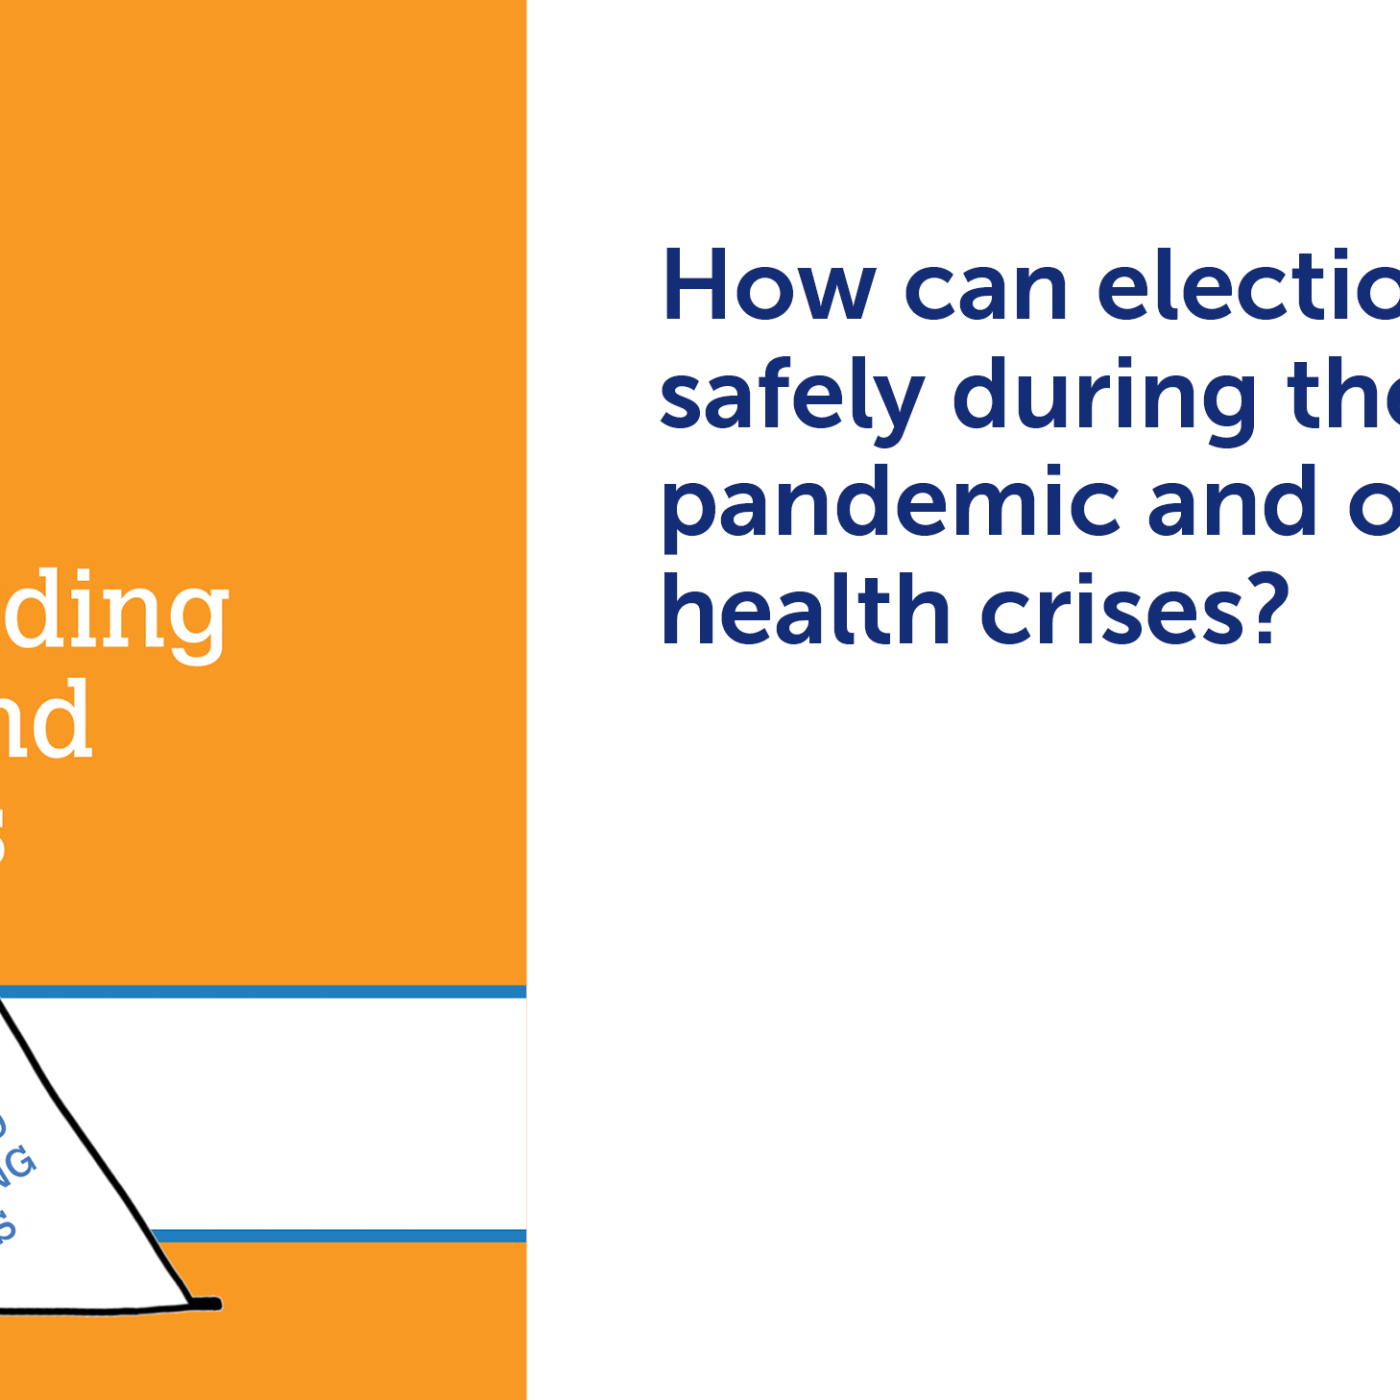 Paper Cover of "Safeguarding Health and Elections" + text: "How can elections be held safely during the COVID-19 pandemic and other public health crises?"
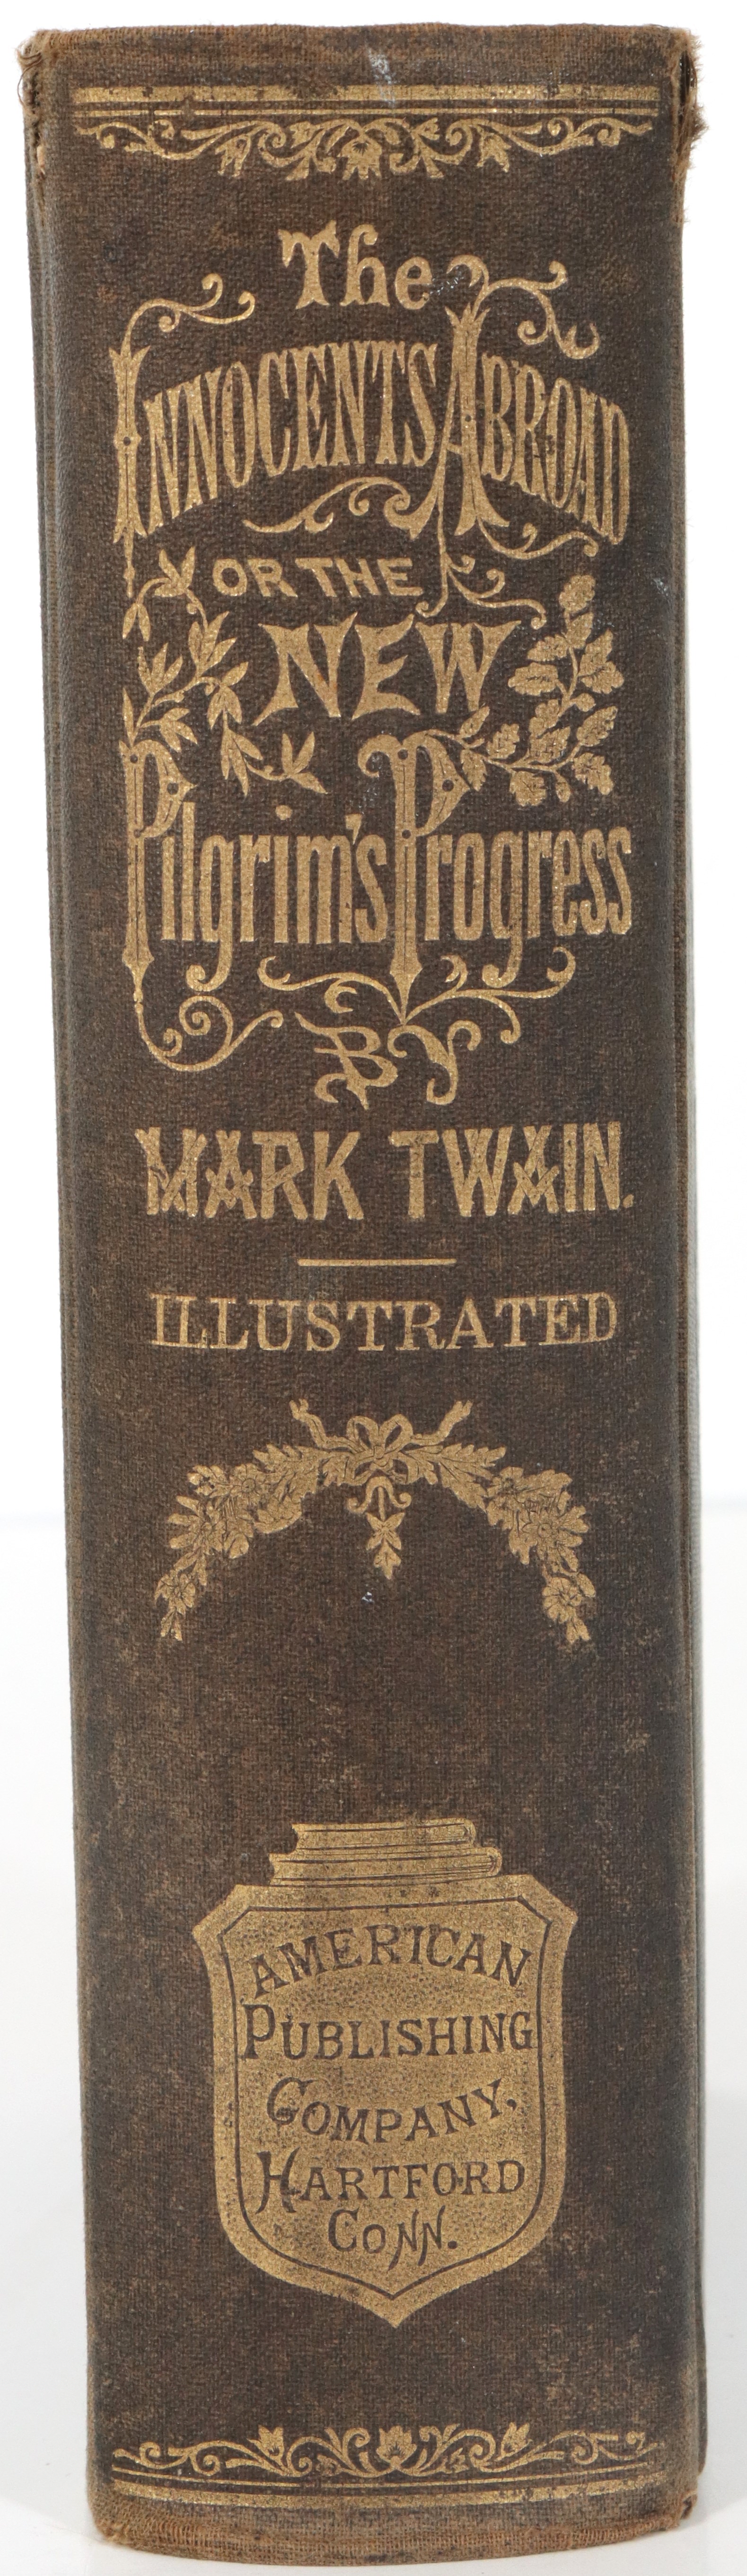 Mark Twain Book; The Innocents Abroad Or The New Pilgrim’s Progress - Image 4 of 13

————————

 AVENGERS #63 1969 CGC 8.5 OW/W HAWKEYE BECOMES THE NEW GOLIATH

————————

**Task**: Only one part of the material above is wanted: the lines from the one with "Paper Cover of" up to and including the one with "Mark Twain Book;". Please copy them exactly, pictures left out.

**Task answer**:
 Paper Cover of "Safeguarding Health and Elections" + text: "How can elections be held safely during the COVID-19 pandemic and other public health crises?"
 Mark Twain Book; The Innocents Abroad Or The New Pilgrim’s Progress - Image 4 of 13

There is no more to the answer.